Premier jour des audiences à Sokodé: La CVJR a écouté 9 témoins et victimes

La Commission Vérité, Justice et Réconciliation (CVJR) a écouté pour cette première journée des auditions à Sokodé (environ 375 km au nord de Lomé), 9 témoins et victimes, a constaté un envoyé spécial de l’Agence Savoir News. Parmi le groupe figure une audition privée.

Les audiences de ce jeudi ont porté sur les évènements liés aux troubles sociopolitiques de 1991 marqués par des violences intercommunautaires dans la région des Plateaux, notamment dans les localités de Bodjé, Médjé, Gamé-Akposso, Kpalimé, Adéta et Badou et qui ont abouti à des déplacements massifs de populations.

Abozi Batoma Kodjo, 43 ans n’a pas pu se retenir lorsqu’il relatait les exactions subies ainsi que sa famille, dans les années 1990 dans la préfecture d’Amlamé. Il a perdu non seulement tous ses biens, mais également son enfant décédé dans la brousse.

« Je vivais à Amlamé, au moment des troubles. Un groupe de jeunes étaient venus nous menacer, nous les Kabyes. Ils m’ont frappé et détruit tous nos biens. J’étais obligé de fuir avec ma femme et un bébé de trois jours. Malheureusement, le bébé est décédé en cours de route », a raconté Abozi Batoma Kodjo.

Pitinate Kiffema, a pour sa part, assisté à des actes de violences et de destructions des biens des kabyes : « La scène s’est déroulée dans le village de Natchaba, dans la préfecture de Wawa. Des maisons ont été brûlées, alors que des enfants étaient à l’intérieur. J’ai dû liquider mes biens pour regagner Sotouboua ».

Pour Ali Abalo, une autre victime, sa famille a dû quitter Akparé, un village situé dans la préfecture de l’Ogou, suite à des actes de violences.

« Mon père a été blessé, nos chèvres et moutons ont été volés. Après la mort de mon papa, ma mère est devenue folle », a-t-il précisé.

Selon la CVJR, il apparaît, à la lumière des différents témoignages, que les conflits intercommunautaires qui ont déchiré la cohésion nationale en 1991 et 1992, obéissent à la conjonction de diverses causes liées à l’histoire du peuplement, au contentieux foncier et au contexte sociopolitique explosif de l’amorce du processus démocratique dans notre pays dans ces années-là.
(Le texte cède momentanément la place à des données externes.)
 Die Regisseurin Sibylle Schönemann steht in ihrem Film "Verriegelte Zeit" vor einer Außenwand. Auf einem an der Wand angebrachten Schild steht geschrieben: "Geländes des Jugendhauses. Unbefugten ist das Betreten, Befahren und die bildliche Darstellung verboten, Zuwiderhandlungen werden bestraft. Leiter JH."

« L’exacerbation des motivations ethniques, instrumentalisée par la propagande partisane des chapelles politiques de tous bords a alors fonctionné comme un détonateur qui a soulevé des Togolais contre d’autres Togolais, dans des conflits au dénouement parfois tragique, marqués par des actes de violences et de violations des droits de l’homme notamment dans la région des Plateaux », souligne la CVJR dans un communiqué rendu public.
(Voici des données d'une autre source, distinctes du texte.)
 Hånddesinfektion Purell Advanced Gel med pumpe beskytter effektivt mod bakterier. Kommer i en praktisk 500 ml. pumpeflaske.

La CVJR, « fidèle à sa mission, appelle les victimes à ne pas cultiver l’idée de la vengeance et rappelle que c’est à l’aune des différentes informations fournies par les différents intervenants au cours des audiences (publiques, in camera et privées) ainsi que des rapports de ses investigations, qu’elle fera ses recommandations finales à l’attention du peuple togolais dans le sens de l’apaisement ».

Les audiences se poursuivent vendredi à l’hôtel central de Sokodé et seront consacrée à divers événements liés aux troubles sociopolitiques des années 90, notamment les abus d’autorité, les affrontements entre militants de partis politiques, les exactions des éléments des Forces armées togolaises et des agressions physiques ayant entraîné des pertes en vies humaines.

Rappelons que les audiences de la CVJR sont consacrées à la recherche de la vérité sur les violences électorales et autres violations des droits de l’homme qui sont survenues dans notre pays entre 1958 et 2005 dans le cadre des séances publiques, à huis clos et privées qui donnent la parole aux victimes, témoins et aux auteurs présumés.